Alors que les grandes puissances mondiales s’engagent dans une compétition acharnée pour la suprématie algorithmique, le Gabon trace une voie distincte. Lors du Dialogue Mondial sur la Gouvernance de l’IA, tenu à Genève sous l’égide des Nations Unies, Mark Alexandre Doumba, ministre gabonais de l’Économie numérique, a invité la communauté internationale à une réflexion approfondie. Pour Libreville, l’impératif n’est pas de développer la technologie la plus rapide, mais de concevoir un outil véritablement accessible à chaque individu.
Face aux géants de la technologie, souvent obnubilés par la taille des modèles et les capacités de calcul, le représentant gabonais a proposé un changement de perspective essentiel. « Il ne s’agit pas d’être le premier en matière d’IA. Il s’agit de déployer l’IA de manière étendue », a-t-il affirmé avec force.
Selon son analyse, l’effervescence actuelle néglige l’essentiel. Le véritable enjeu n’est plus d’ordre technique, mais résolument politique et humain : il s’agit de savoir qui sera capable d’établir les structures et les régulations indispensables à un déploiement responsable. Cette vision place la gouvernance et le discernement éthique au cœur des discussions.
L’essor de la « petite IA » et de l’impact local
Pour le Gabon, l’avenir de cette technologie réside dans une transition de la « grande IA » vers des solutions ciblées, parfaitement adaptées aux réalités du terrain. C’est ce que Mark Alexandre Doumba désigne comme la « petite IA ». « La véritable avancée ne réside pas dans des modèles toujours plus imposants. C’est l’adaptation locale qui permettra à un agriculteur africain d’utiliser cette technologie dans son propre contexte. », a-t-il mis en lumière.

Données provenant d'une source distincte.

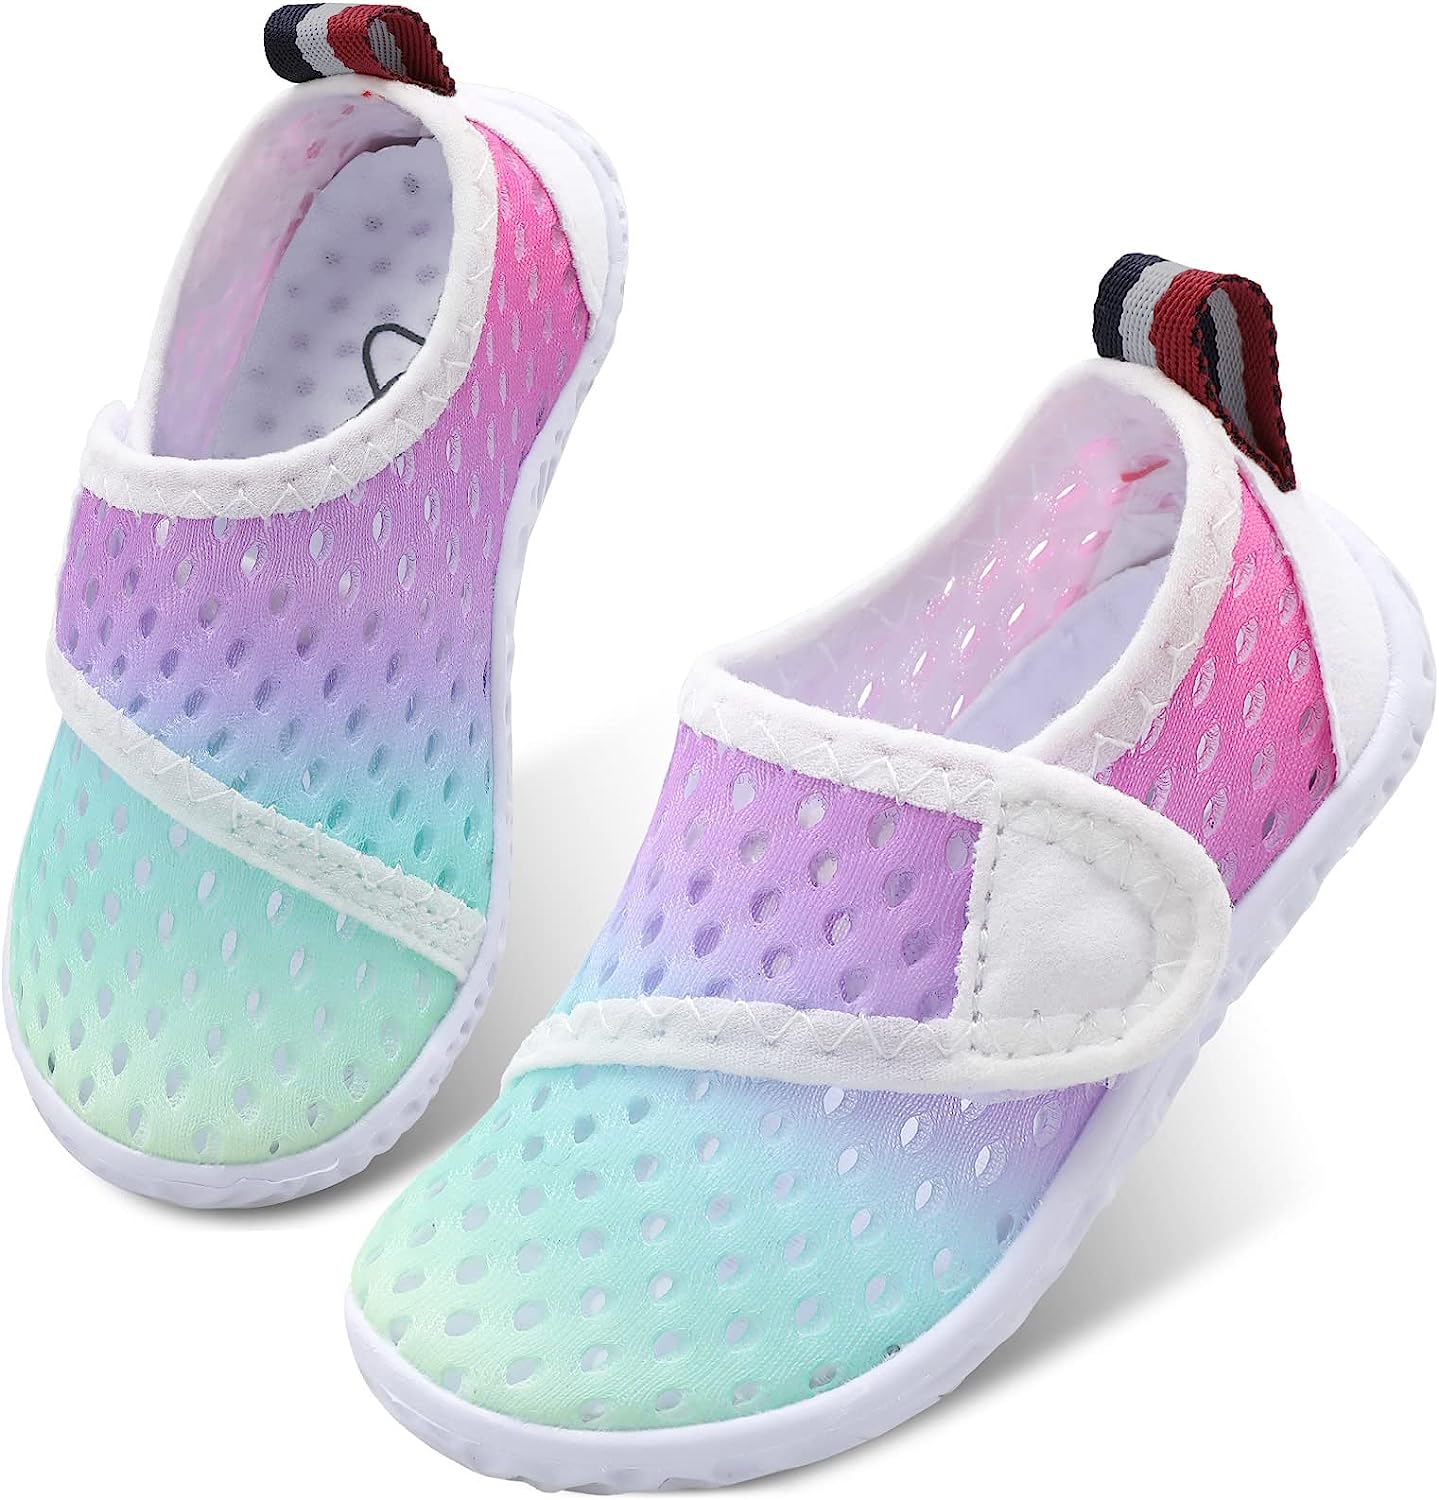 LeIsfIt Toddler Water Shoes Boys Girls Aqua Socks Kids [...]

Qu’il s’agisse d’optimiser les rendements agricoles, de moderniser les services publics ou d’améliorer l’accès aux soins de santé, la valeur ajoutée se mesurera aux bénéfices concrets apportés aux populations des pays du Sud, trop souvent reléguées au rôle de simples consommatrices de technologies importées.
Repenser le système pour éviter une nouvelle fracture
Au-delà de l’outil technique, le ministre perçoit l’IA comme un puissant moteur de transformation systémique. Elle ne doit pas se contenter d’optimiser l’existant, mais doit inciter à redéfinir les règles du jeu économique et social afin de promouvoir une inclusion généralisée.
Alors que l’humanité dispose d’un capital financier et technologique sans précédent, le risque d’une nouvelle fracture mondiale demeure significatif. En conclusion, l’émissaire gabonais a lancé un avertissement clair : sans une volonté collective de partager équitablement ces innovations, le fossé entre les concepteurs de l’IA et ses utilisateurs deviendra la nouvelle ligne de rupture du XXIe siècle. Le succès de cette révolution ne se mesurera pas en téraflops, mais en vies humaines améliorées.